Although they only come into effect in the inevitably distressing and upsetting case of a divorce, you should try not to think of a prenuptial agreement negatively. However, if you understand that people’s attitudes to money differ and transparency in every marriage gives it more strength, it is clear the prenup is more like an insurance policy, securing both you and the one you love against the fallout from a messy and potentially expensive divorce.
Get independent legal advice
There are no two ways about it – everyone’s circumstances are unique, so there’s no such thing as a one-size-fits-all prenup plan. As we’ve mentioned, you shouldn’t attempt to just download a template from the internet (although there are many out there).
Each partner should seek legal advice from separate lawyers – otherwise, there could be a possible conflict of interest. Your representatives and you will meet to properly and responsibly create a contract for the couple.
Independent and impartial legal advice may be more expensive but it will arm you both with all the facts and allow you to draft an agreement that is equitable and fair to both parties and will stand up in court. Make sure your chosen solicitor knows everything about your financial histories, dependents and debts, and together you can create a prenup that suits you and your partner.
The courts will always have the final say
It’s important to understand that the courts always have the final say. They do take prenuptial agreements seriously and see it as evidence of a couple’s intentions to one another if the relationship breaks up.
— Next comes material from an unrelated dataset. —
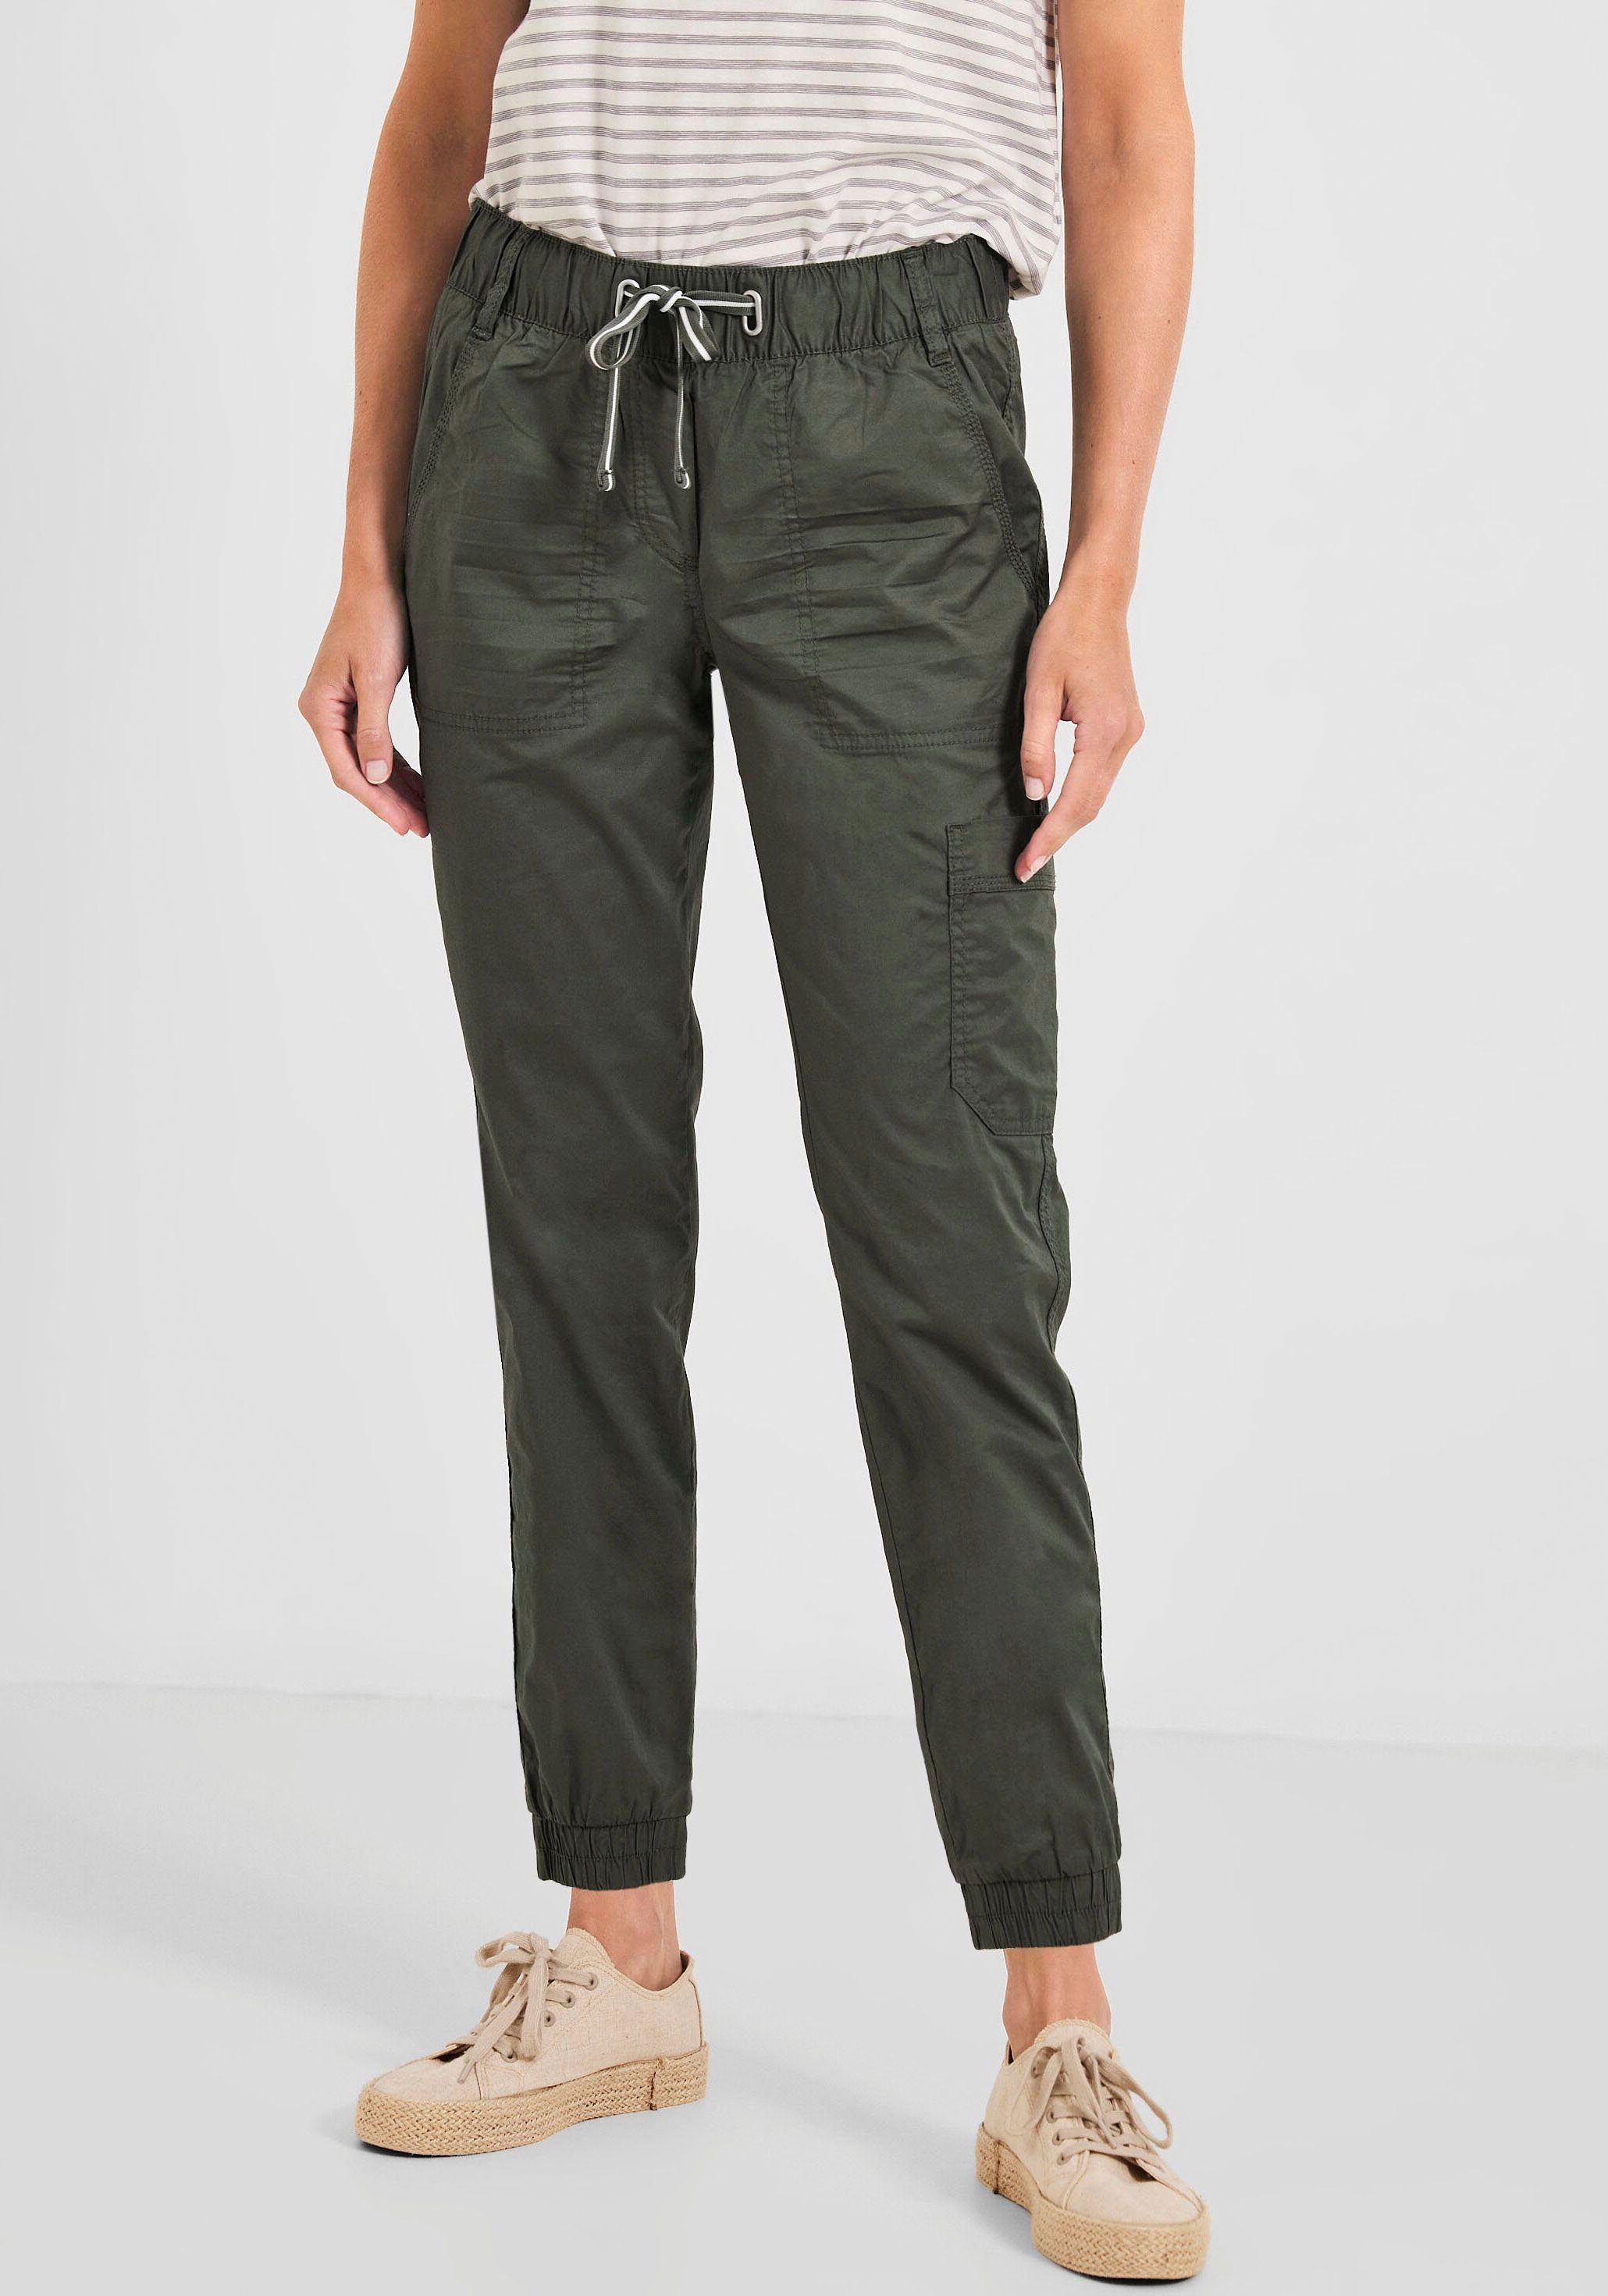 Tracey im khaki Cecil Outdoorhose Style sporty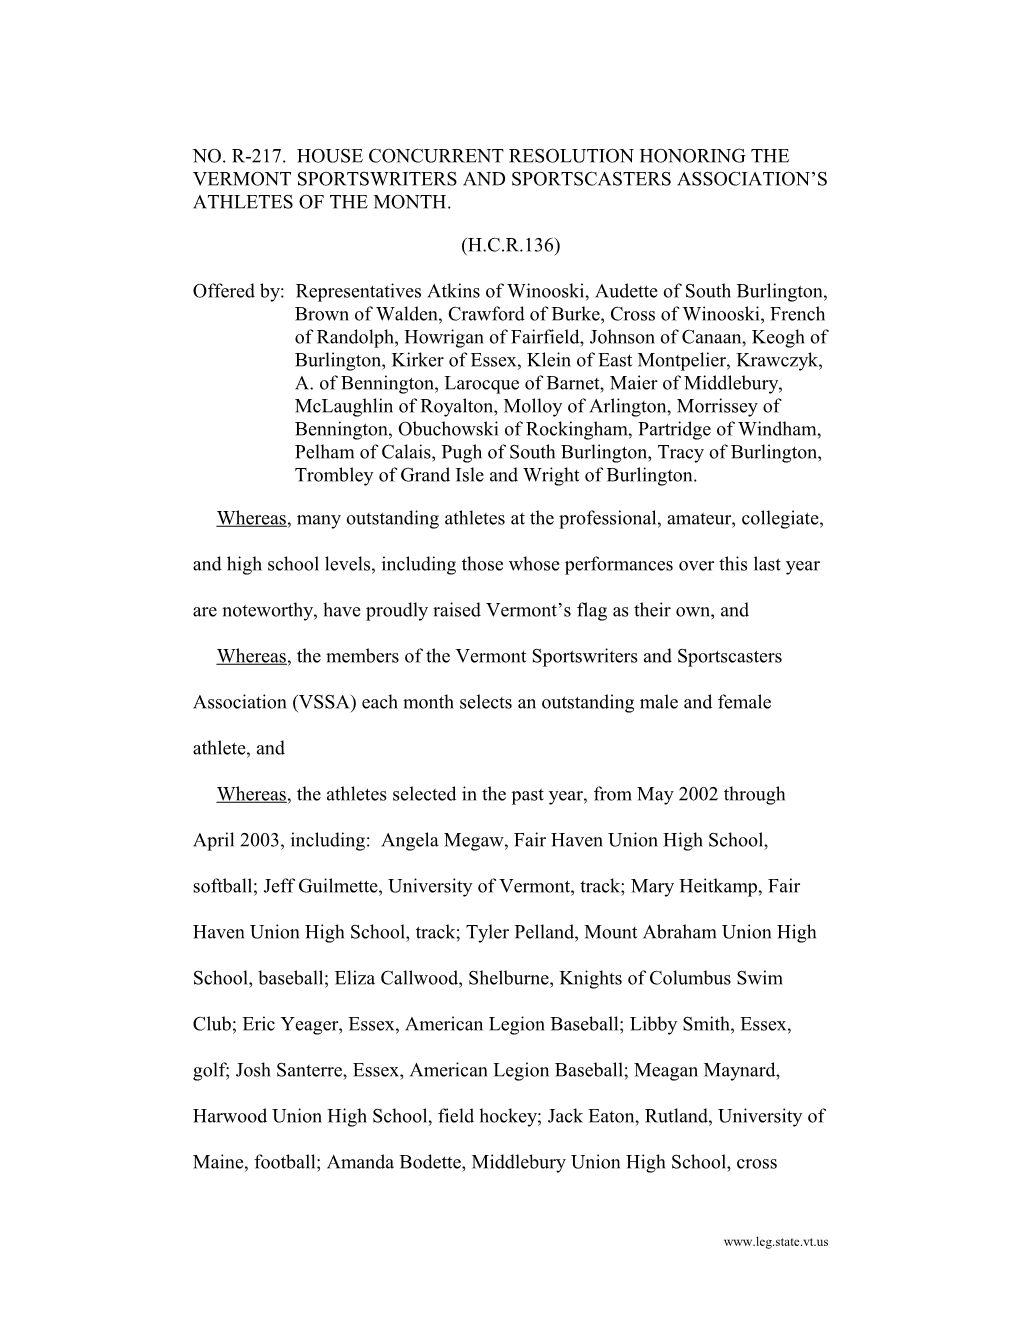 NO. R-217. House Concurrent Resolution Honoring the Vermont Sportswriters and Sportscasters

As it stands in the UK, a prenuptial agreement does not carry the same weight as a court order and will not automatically be enforced by an English or Welsh court during divorce proceedings or a disagreement about splitting everything. One factor to bear in mind is that the length of the marriage plays a big part on whether or not the agreement remains enforceable.
It’s best not to think about a prenup negatively but look at the agreement as an insurance policy securing yourself against a potentially messy, if not expensive, divorce. With attitudes to marriage, relationships and tradition changing so quickly, it is a sensible and prudent decision for any couple to think about signing a prenuptial agreement with their fiance. Far from being negative, it should be seen as a truly equitable agreement, demonstrating you understand what is naturally theirs and they understand what is naturally yours.